1. A 56-year-old man presents with progressive shortness of breath and chronic
cough. On exam, you hear diminished breath sounds and hyperresonance on
percussion. Which condition is most consistent with these findings?
A. Pulmonary fibrosis
B. Emphysema
C. Pneumonia
D. Pleural effusion
Rationale: Hyperresonance and diminished breath sounds are hallmark findings of
emphysema, caused by alveolar overdistention. Fibrosis leads to crackles,
pneumonia has dullness, and effusion produces absent sounds.



2. A 22-year-old woman presents with left lower quadrant abdominal pain, fever,
and cervical motion tenderness.
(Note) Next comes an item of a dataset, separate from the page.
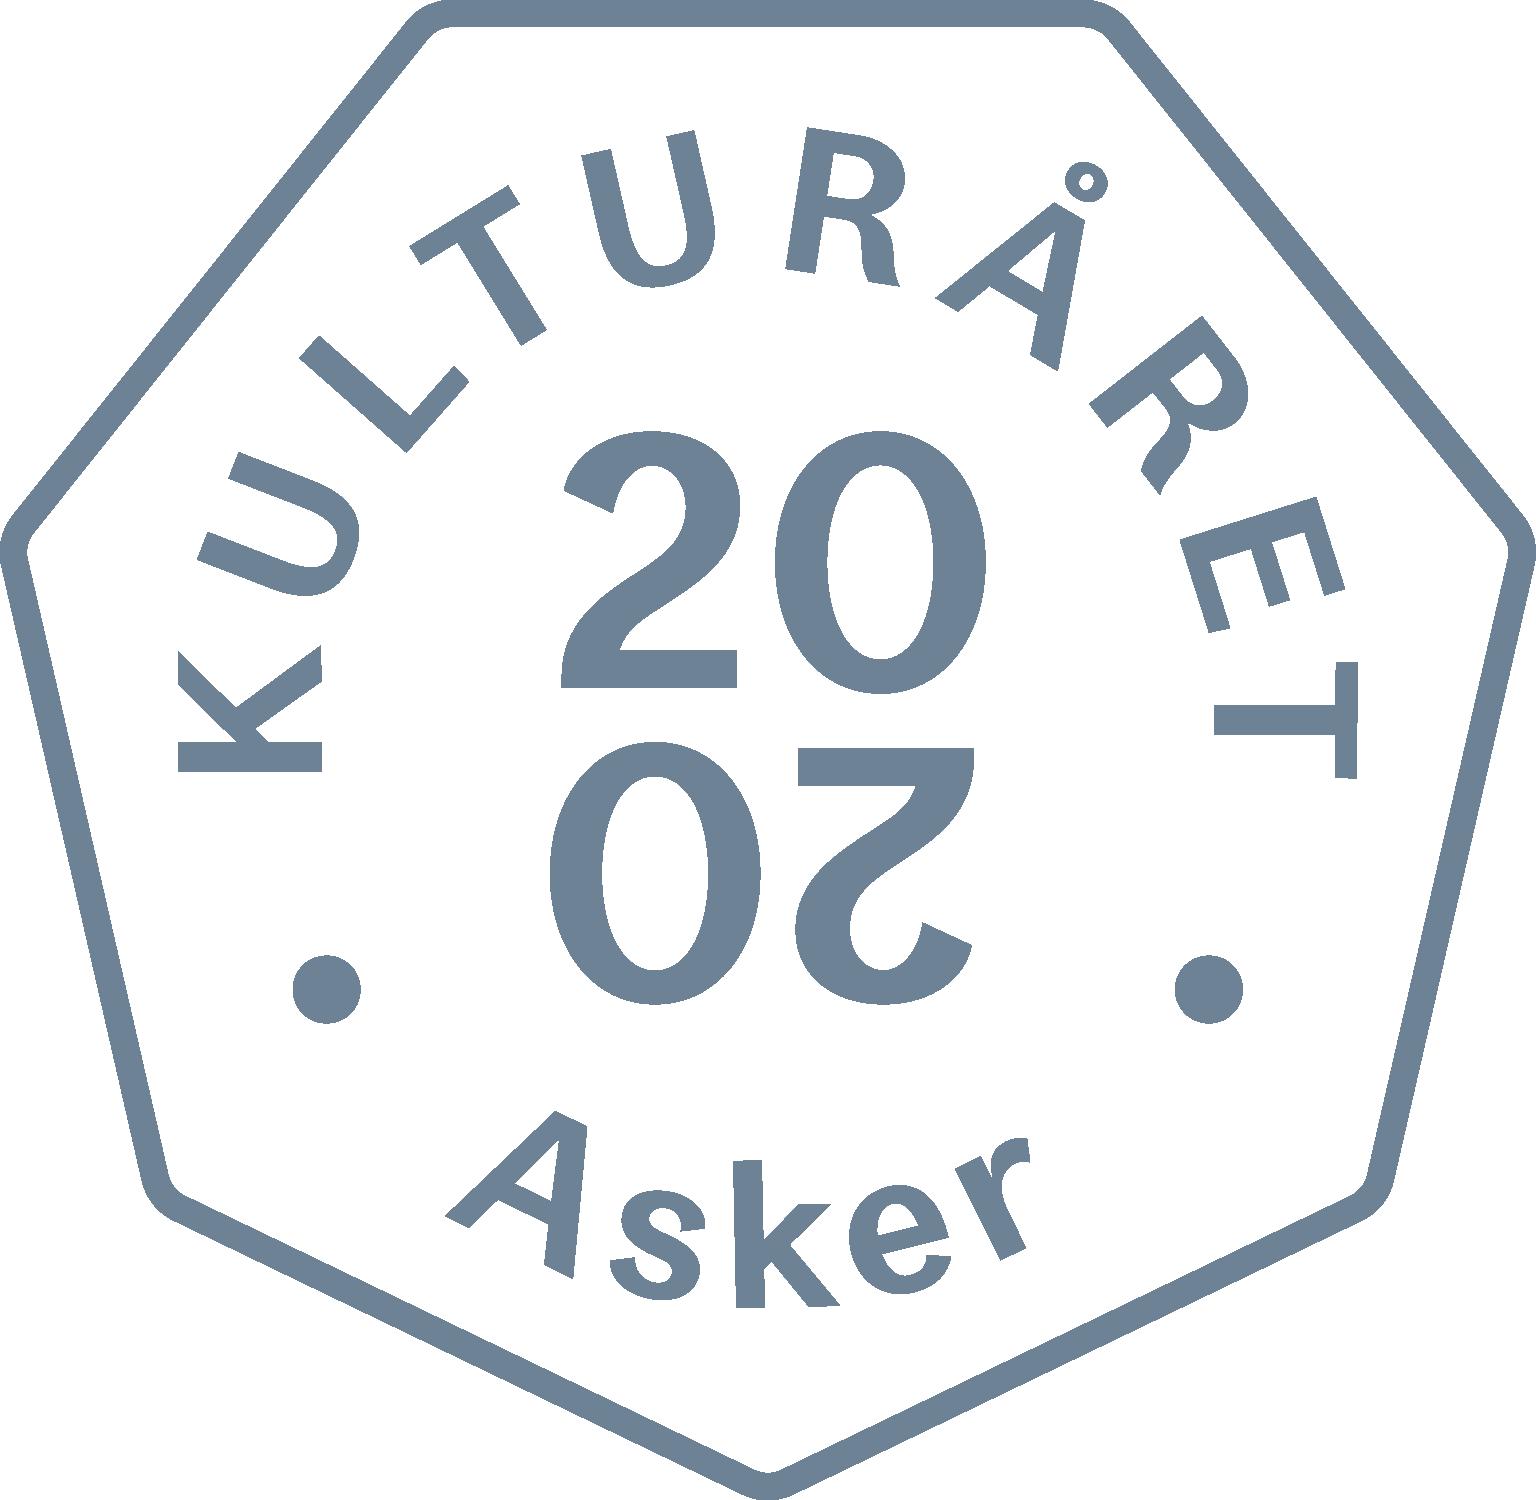 Asker_Kulturåret2020_logo-omriss_grå_RGB
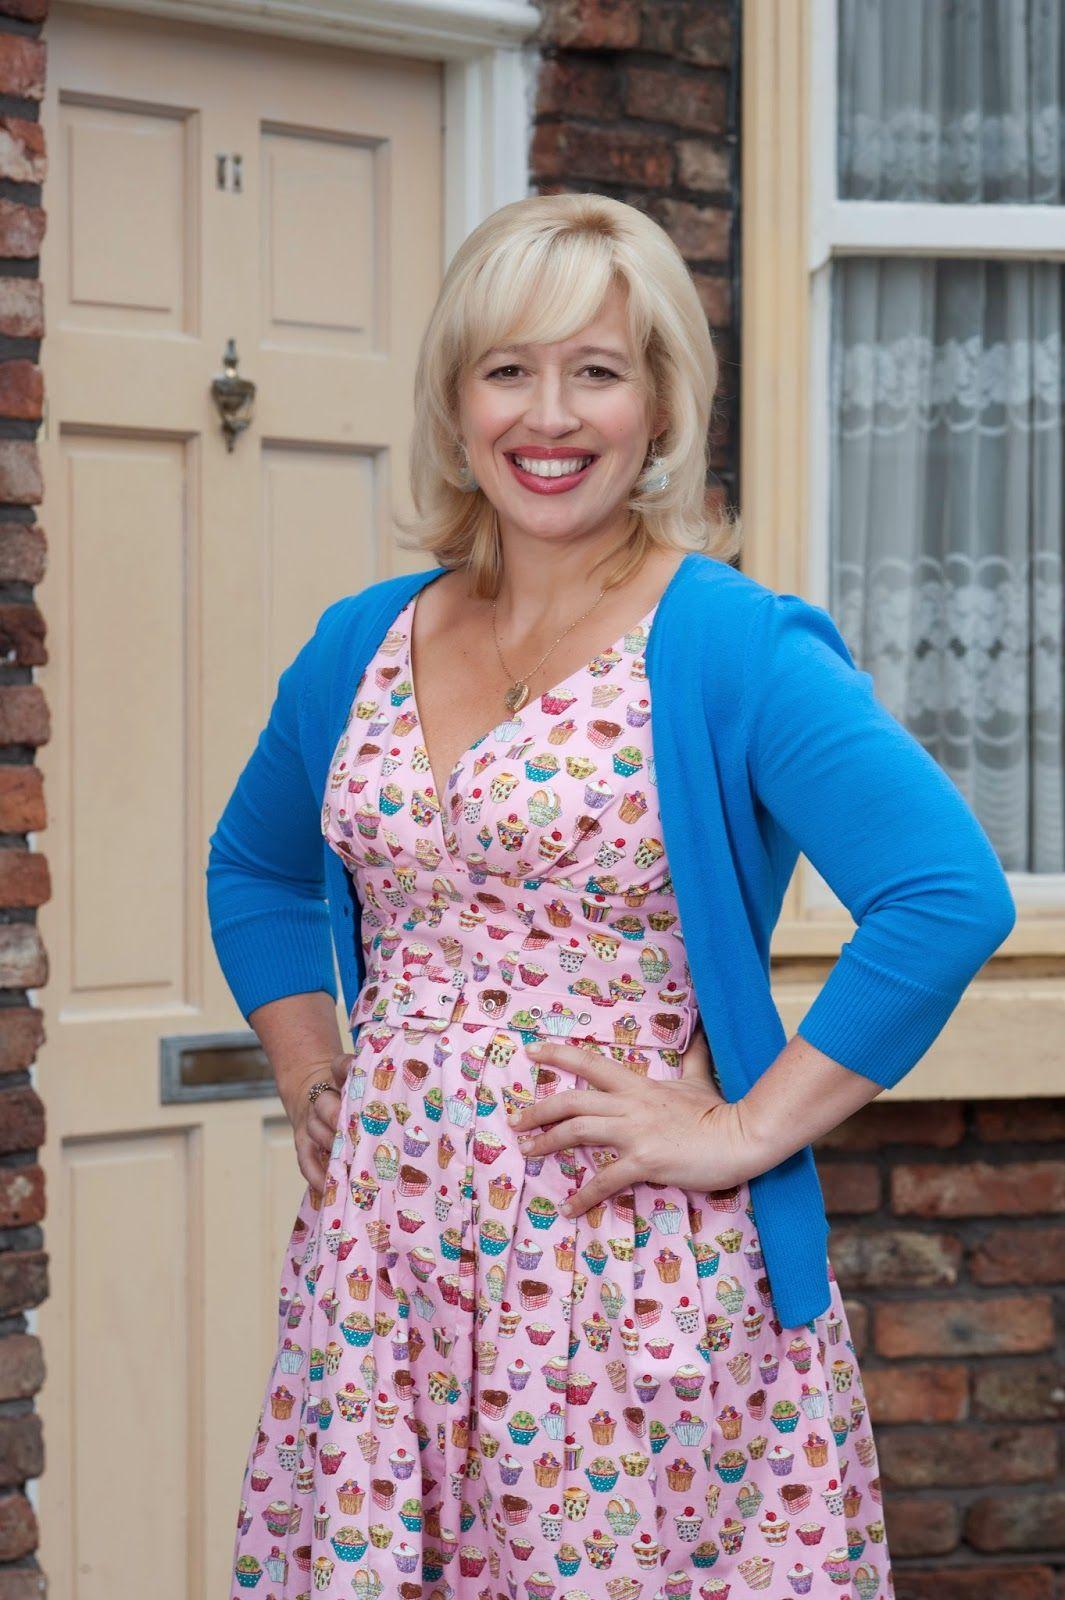 Coronation Street Blog: Katy Cavanagh quits Corrie as Julie Carp

Which condition is most likely?
A. Ovarian cyst rupture
B. Appendicitis
C. Pelvic inflammatory disease (PID)
D. Irritable bowel syndrome
Rationale: PID is suggested by pelvic pain, fever, and cervical motion tenderness
(positive chandelier sign).

3. A 4-year-old presents with inspiratory stridor, barking cough, and hoarseness.
The nurse practitioner suspects:
A. Epiglottitis
B. Croup (laryngotracheobronchitis)
C. Foreign body aspiration
D. Asthma exacerbation
Rationale: Barking cough with stridor is classic for viral croup. Epiglottitis has
drooling/toxic appearance.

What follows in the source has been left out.